I shook my head. “You scientists are all the same. Outside the four walls of your lab you ought to be locked up. A man who lends you money does so at his own risk and has no legal recourse. So he wasn’t there?”

“No. I waited a quarter of an hour, then went to his house – a whacking great mansion with tennis courts, swimming pool and what have you,” Hartnell said bitterly. “I thought he might have made a mistake about the meeting place. He wasn’t there. There was nobody there. I went back to the Aifringham office and waited a little longer then came home. About midnight, it was.”

“Anybody see you? You see anybody? Anybody who can vouch for your story.”

“Nobody. Nobody at all. It was late at night and the roads were deserted – it was bitterly cold.” He paused, then brightened. “That policeman – he saw me.” His voice seemed to falter on the last words.

“If he saw you in Hailem you could equally well have turned off for Mordon after leaving it.” I sighed. “Besides, there was no policeman. You’re not the only one who tells lies. So you see the spot you’re in, Hartnell? A phone call for which we have only your word – no trace of the man alleged to have made it. Sixteen miles on your scooter, including a wait in a normally busy little town – and not a living soul saw you. Finally, you’re deeply and desperately in debt – so desperate that you would be willing to do anything. Even break into Mordon, if the financial inducements were high enough.”

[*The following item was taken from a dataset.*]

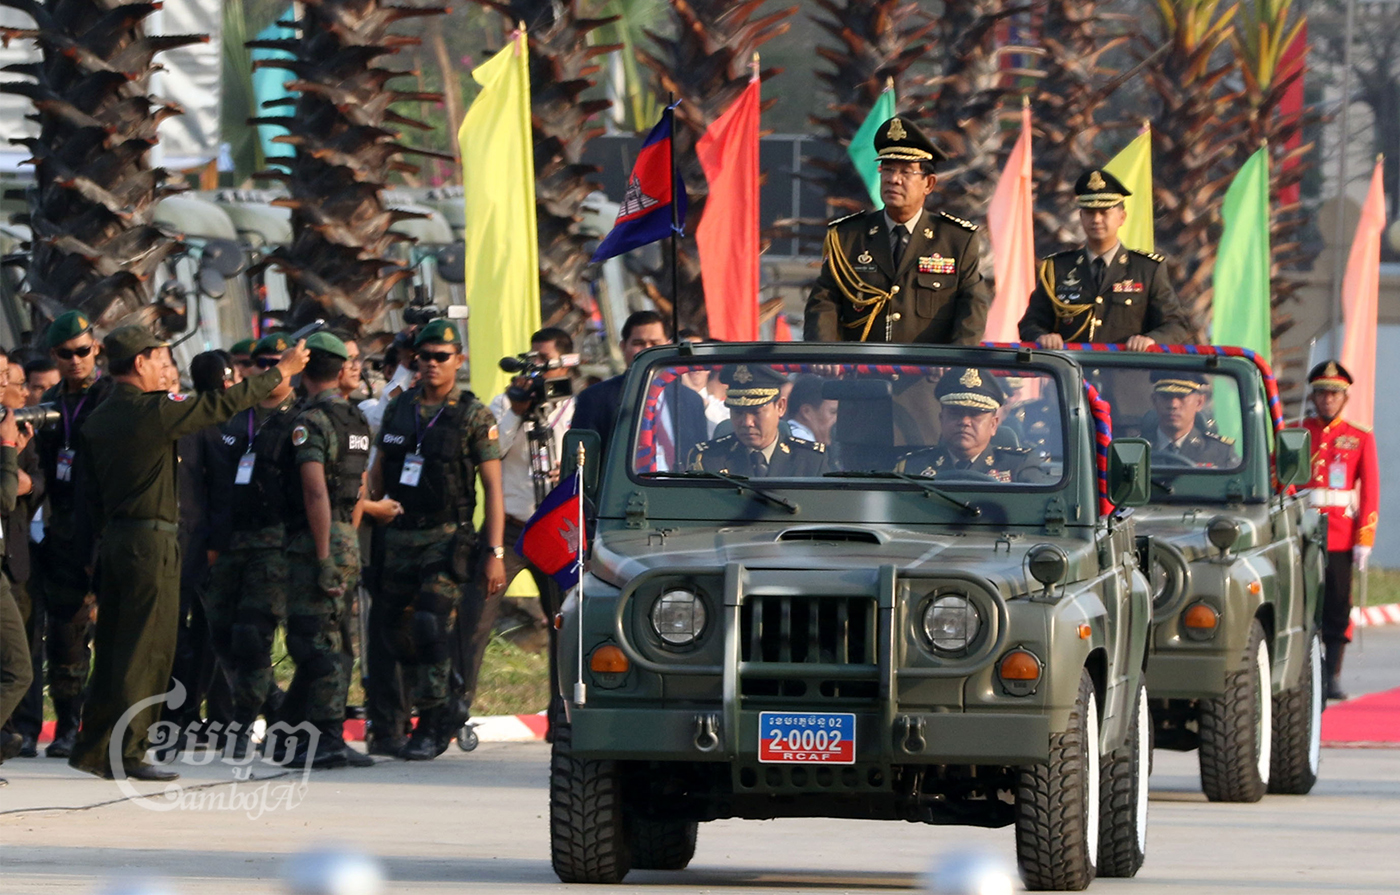 Prime Minister Hun Sen and his son Hun Manet attend a celebration for the the 20th anniversary of the establishment of the Armed Forces on January 24, 2019. CamboJA/ Panha Chhorpoan

He was silent for a moment, then pushed himself wearily to his feet. “I’m completely innocent, Cavell. But I see how it is – and I’m not all that a fool. So I’m going to be – what do you call it – detained in custody?”

I said, “What do you think, Mrs. Hartnell?”

She gave me a troubled half-smile and said hesitantly, “I don’t think so. I – well, I don’t know how a police officer talks to a man he’s about to arrest for murder, but you don’t talk the way I should imagine they do.”

I said dryly, “Maybe you should be working in number one lab instead of your husband. As an alibi, Hartnell, your story is too ridiculously feeble for words. Nobody in their right minds would believe it for an instant, which means maybe that I’m not in my right mind. I believe it.”

Hartnell exhaled a long sigh of relief, but his wife said with a strange mixture of hesitancy and shrewdness, “It could be a trap. You could think Tom guilty and be lulling him into–”

“Mrs. Hartnell,” I said. “With respects, you are abysmally ignorant of the facts of life as they appertain to the wilds of Wiltshire. Your husband may think no one saw him, but I can assure you that the way between here and Alfringham is alive with people between 10.30 and 11 p.m. – courting couples, gentlemen between pubs and homes upending their last bottles to prepare themselves for wifely wrath, old ladies and some not so old peering between not-quite-closed curtains. With a squad of detectives I could turn up a score of people by noon tomorrow – I’ll wager a dozen Alfringham citizens saw Dr. Hartnell waiting outside Tuffnell’s office last night. I’m not even going to bother finding out.”